Annotating clusters in the pbmc3K dataset
In this blog post, we use CellKb to assign cell types to clusters in the dataset of Peripheral Blood Mononuclear Cells (PBMC) freely available from 10X Genomics. There are 2,700 single cells that were sequenced on the Illumina NextSeq 500. The raw data can be found here. This is the same dataset analyzed in the Scanpy and Seurat clustering tutorials.
Clustering and differential expression analysis
We followed the Seurat tutorial to identify the clusters and differentially expressed genes in each cluster. You may use Scanpy instead of Seurat.

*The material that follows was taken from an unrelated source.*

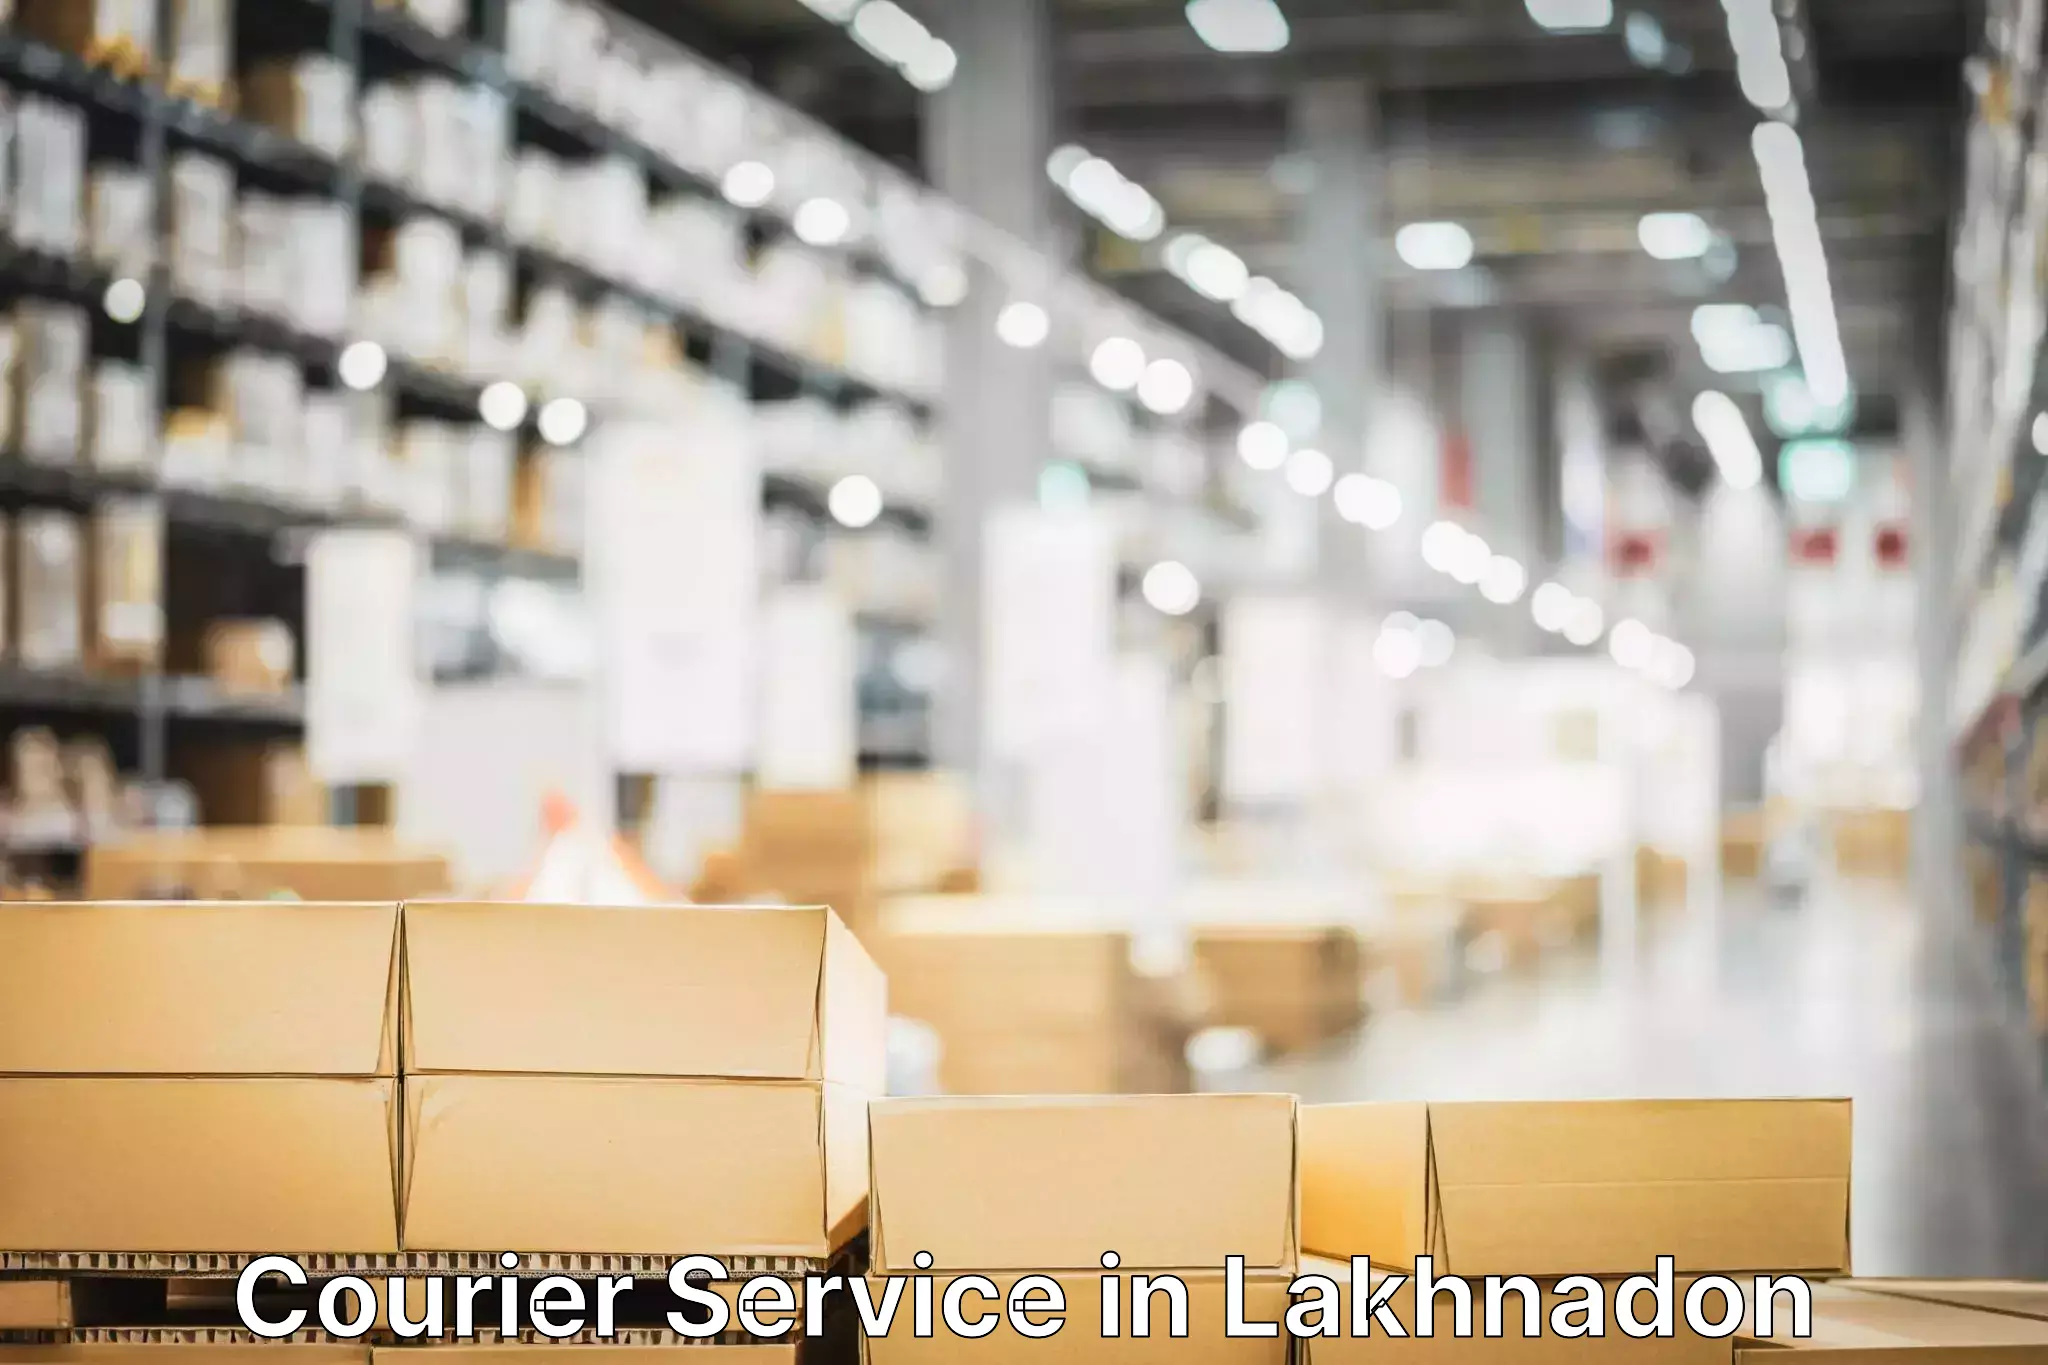 Premium delivery services in Lakhnadon

The code is as follows:

  # Seurat version 5.0.1
  library(dplyr)
  library(Seurat)
  pbmc.data <- Read10X(data.dir="pbmc3k_filtered_gene_bc_matrices\\filtered_gene_bc_matrices\\hg19", gene.column=1)
  pbmc <- CreateSeuratObject(counts=pbmc.data, project="pbmc3k", min.cells=3, min.features=200)
  pbmc[["percent.mt"]] <- PercentageFeatureSet(pbmc, pattern="^MT-")
  pbmc <- NormalizeData(pbmc)
  pbmc <- FindVariableFeatures(pbmc, selection.method="vst", nfeatures=2000)
  all.genes <- rownames(pbmc)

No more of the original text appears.